*** DATA SEGMENT Section Begins ***

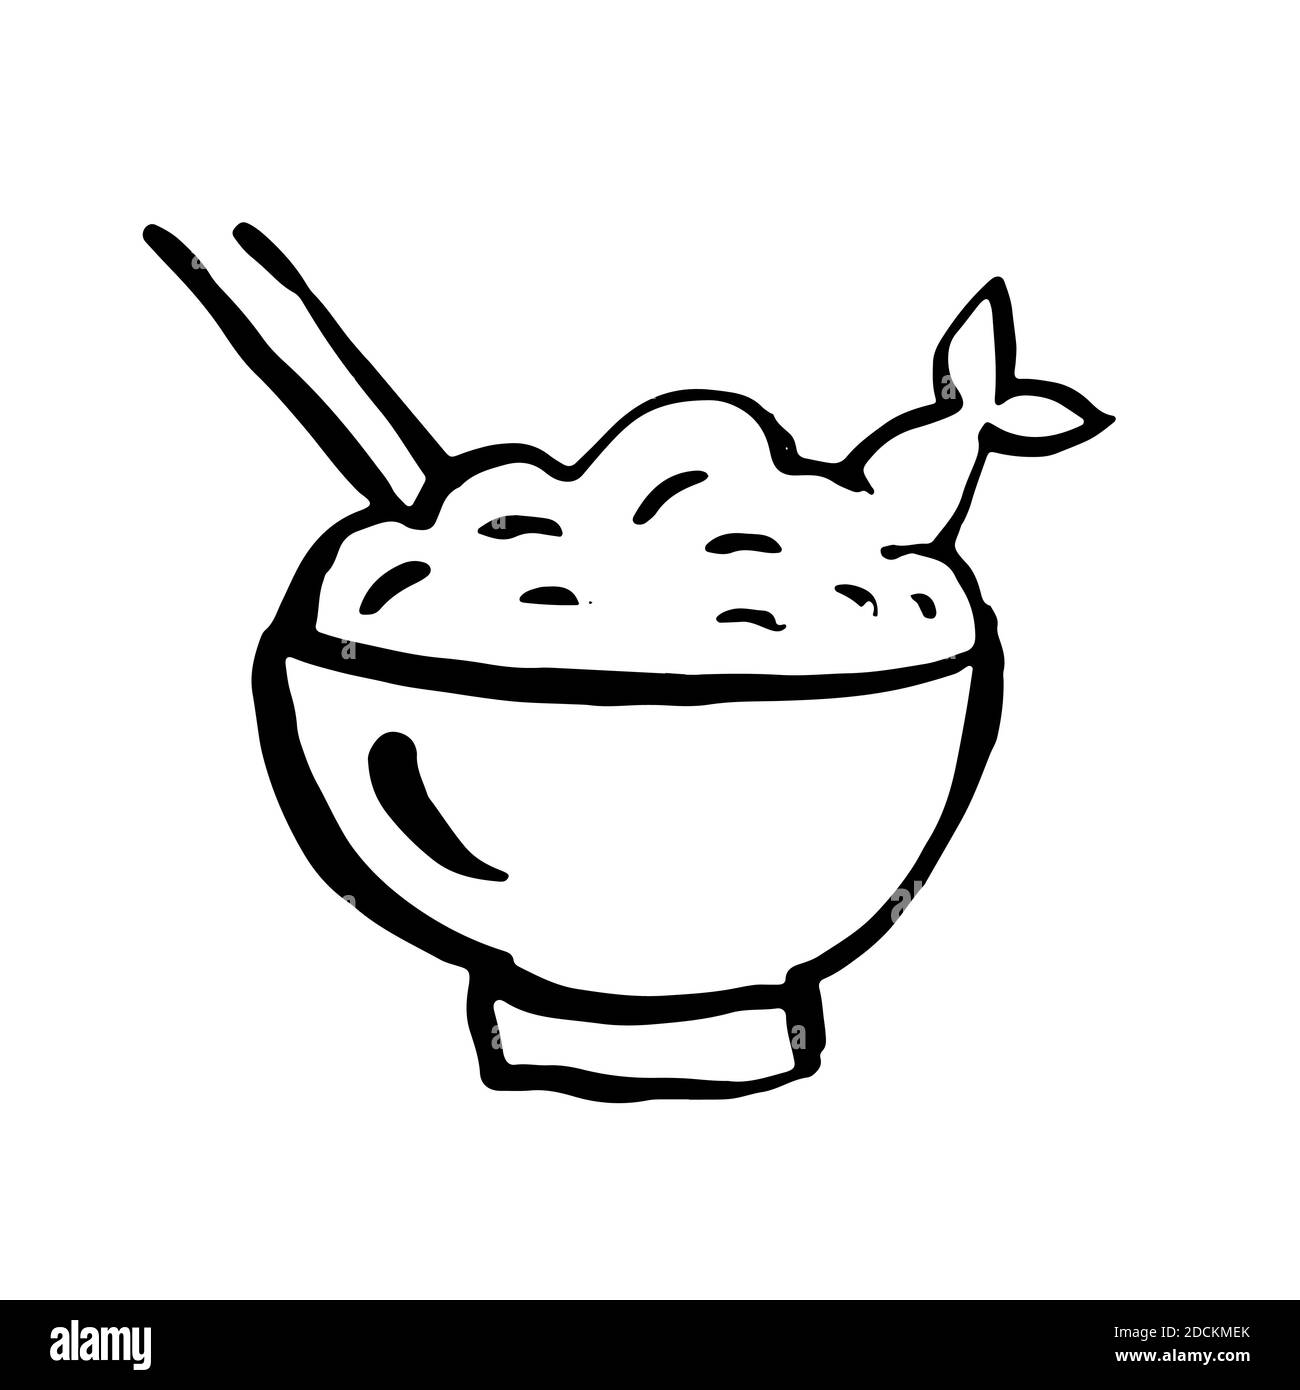 Noodles icon. Ink brush vector illustration. Food flat illustration Stock Vector
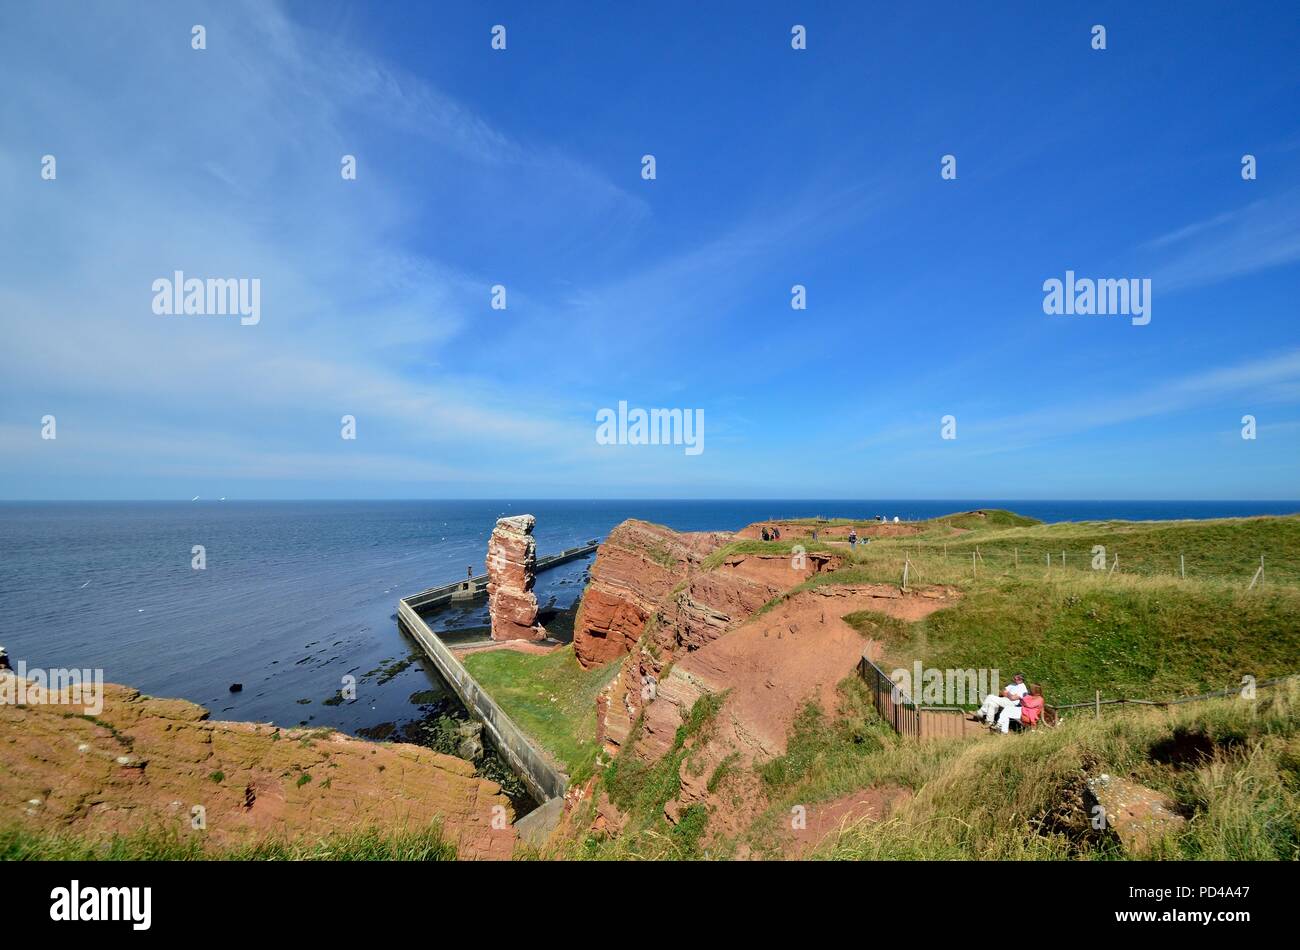 Lange Anna, Tall Anna, Helgoland, mar del norte, Nordsee, alemania, Alemania Foto de stock
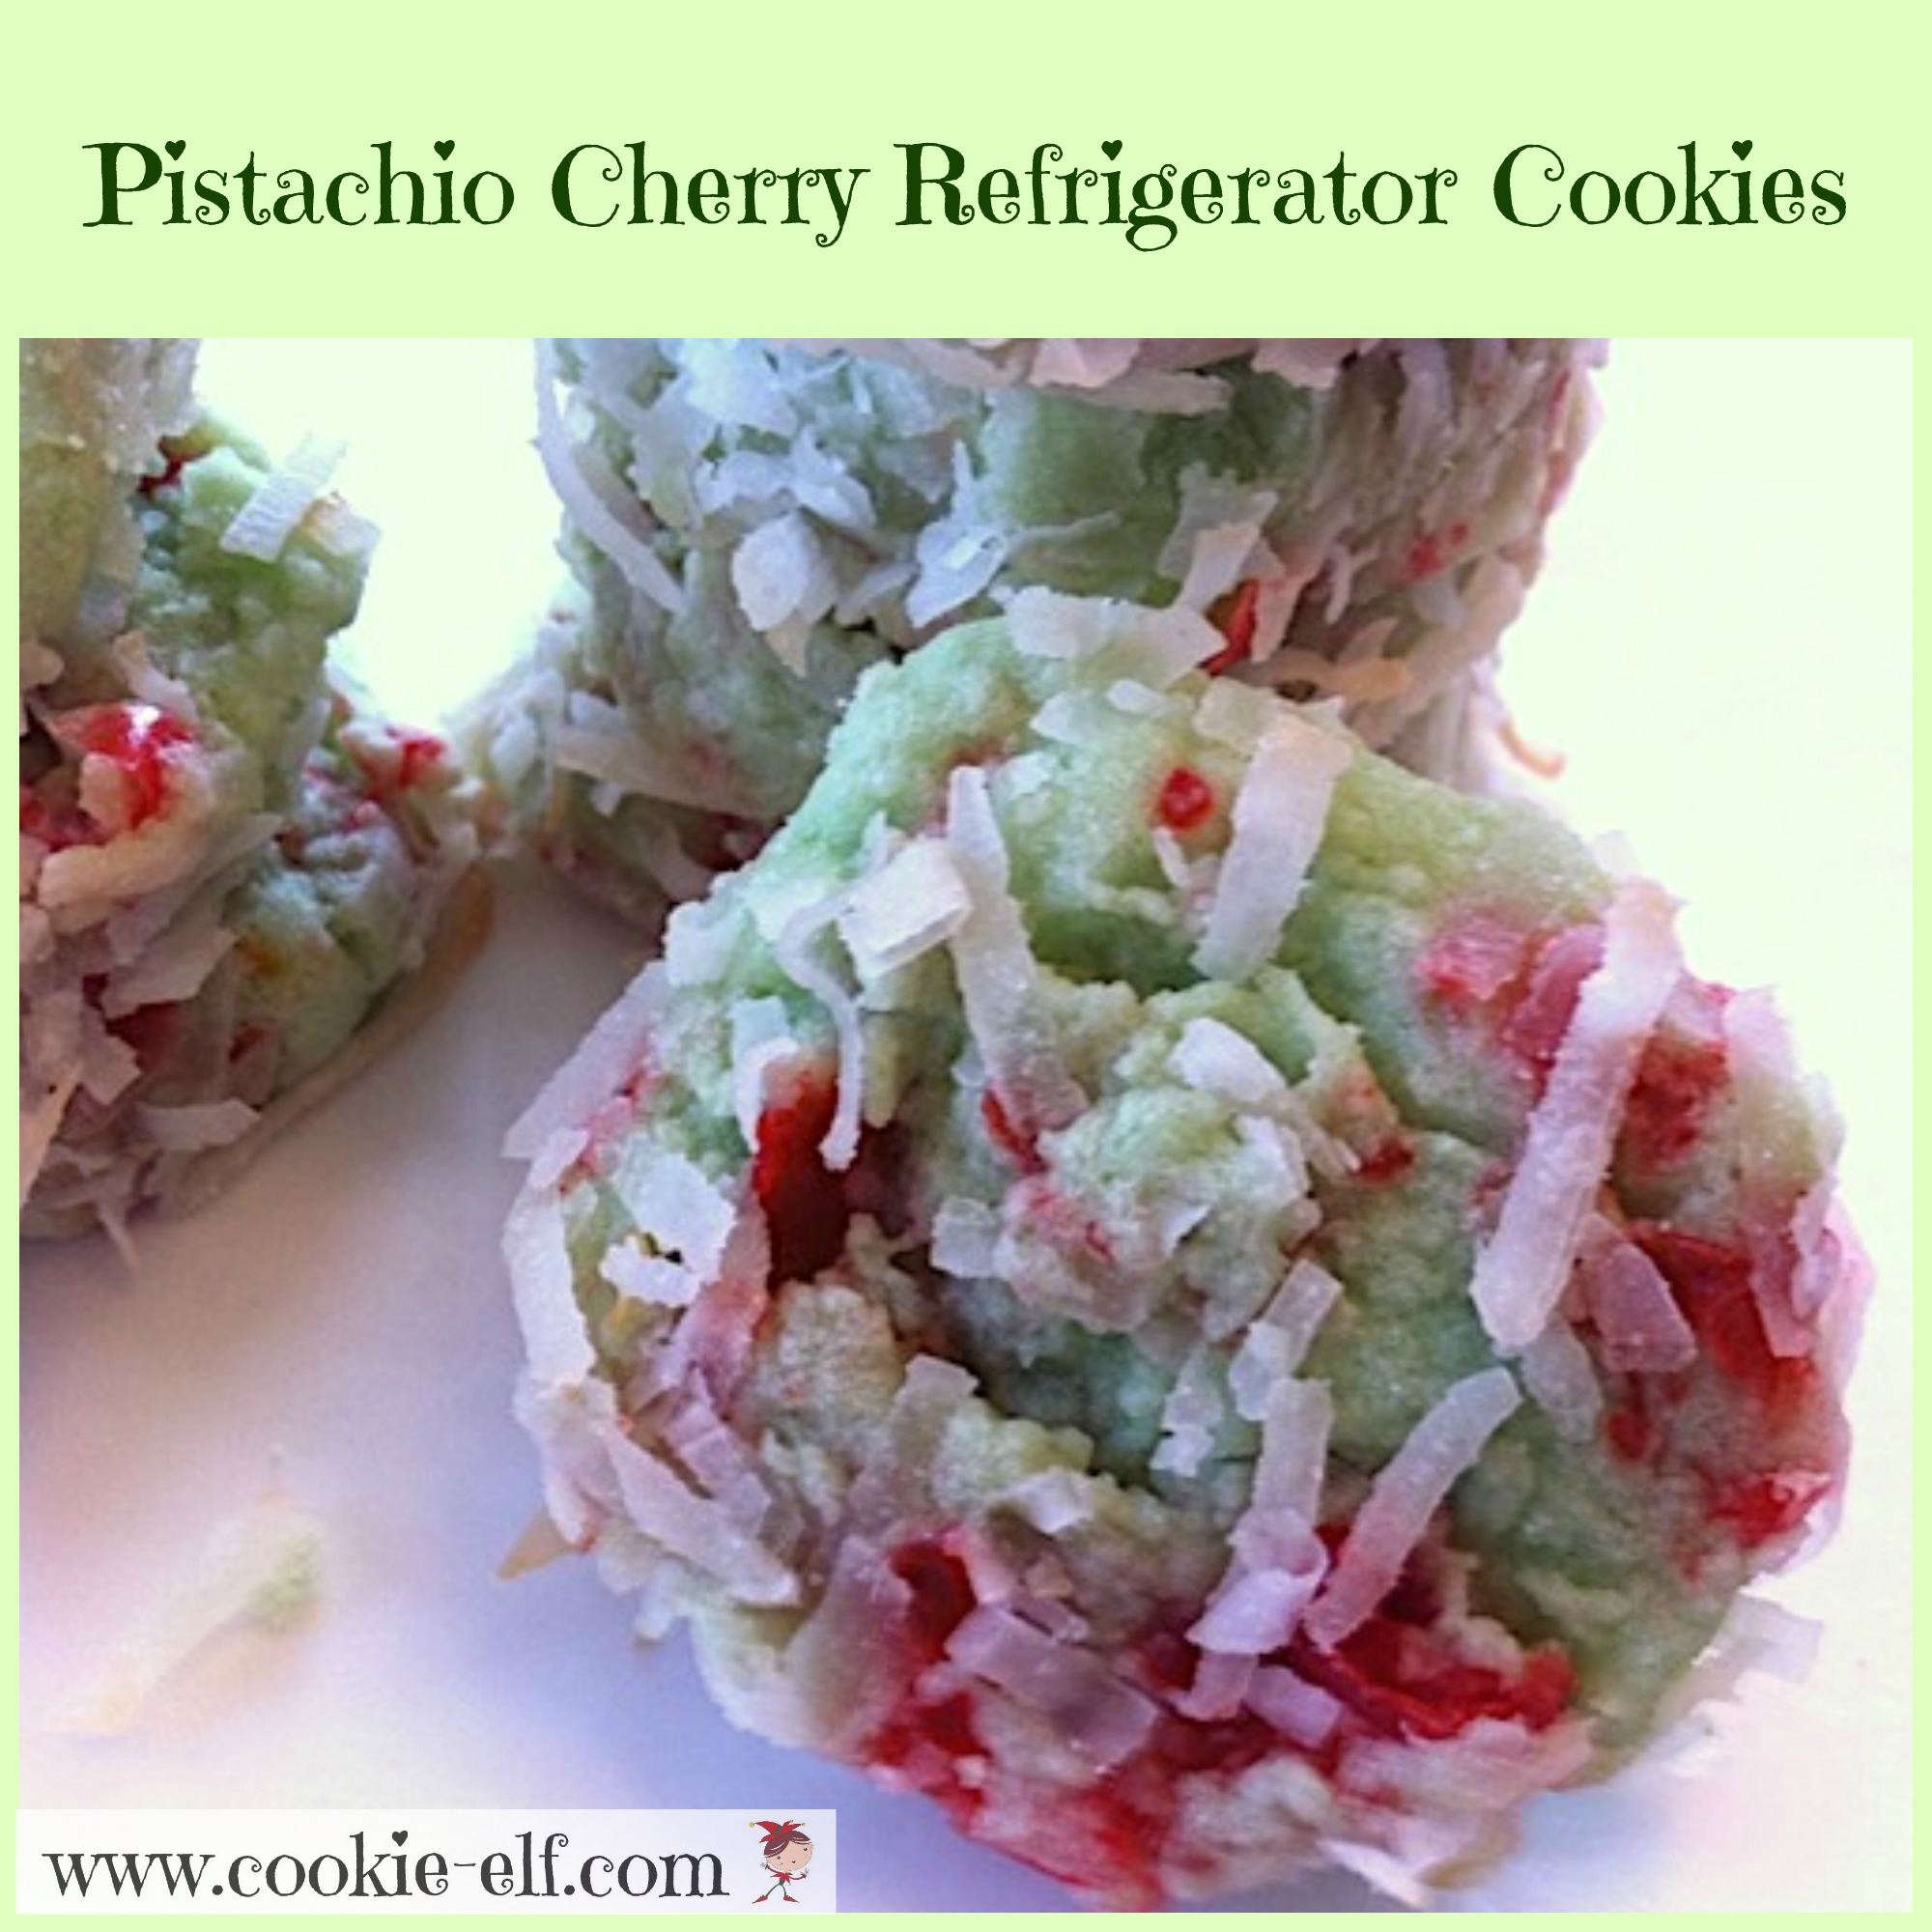 Pistachio Cherry Refrigerator Cookies (Cherry Christmas Refrigerator Cookies) with The Cookie Elf

*** DATA SEGMENT Section Ends ***

From the first line to the last, copy the listing above exactly and leave out the images.

ANSWER:
 Noodles icon. Ink brush vector illustration. Food flat illustration Stock Vector
 Lange Anna, Tall Anna, Helgoland, mar del norte, Nordsee, alemania, Alemania Foto de stock
 Pistachio Cherry Refrigerator Cookies (Cherry Christmas Refrigerator Cookies) with The Cookie Elf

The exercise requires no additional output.